Andrew K. Choi: Debarment Order

AGENCY: Food and Drug Administration, HHS.

ACTION: Notice.

-----------------------------------------------------------------------

SUMMARY: The Food and Drug Administration (FDA) is issuing an order 
under the Federal Food, Drug, and Cosmetic Act (the FD&C Act) debarring 
Andrew K. Choi, M.D. for 4 years from providing services in any 
capacity to a person that has an approved or pending drug product 
application. FDA bases this order on findings that Dr.
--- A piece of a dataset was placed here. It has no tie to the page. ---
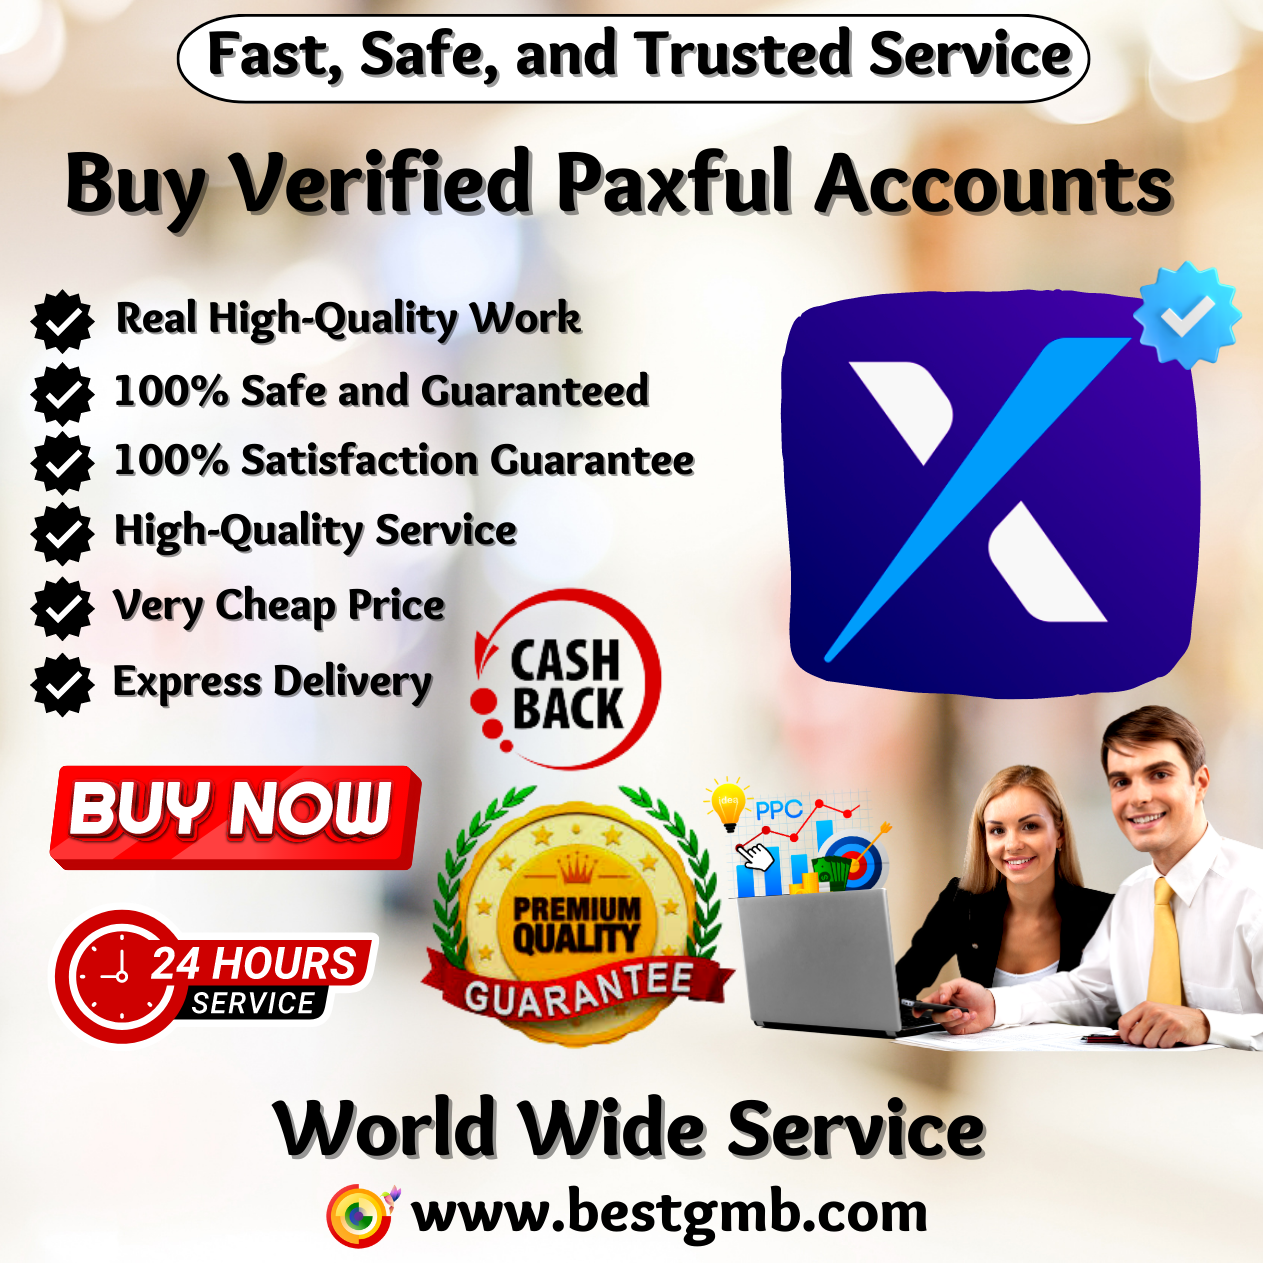 Buy Verified Paxful Account - 100% Safe And Verified

Choi was 
convicted of a misdemeanor under Federal law for conduct relating to 
the regulation of a drug product under the FD&C Act and that the type 
of conduct underlying the conviction undermines the process for the 
regulation of drugs. Dr. Choi was given notice of the proposed 
debarment and an opportunity to request a hearing within the timeframe 
prescribed by regulation. Dr. Choi failed to respond. Dr. Choi's 
failure to respond constitutes a waiver of his right to a hearing 
concerning this action.

DATES: This order is effective August 8, 2011.

ADDRESSES: Submit applications for termination of debarment to the 
Division of Dockets Management (HFA-305), Food and Drug Administration, 
5630 Fishers Lane, rm. 1061, Rockville, MD 20852.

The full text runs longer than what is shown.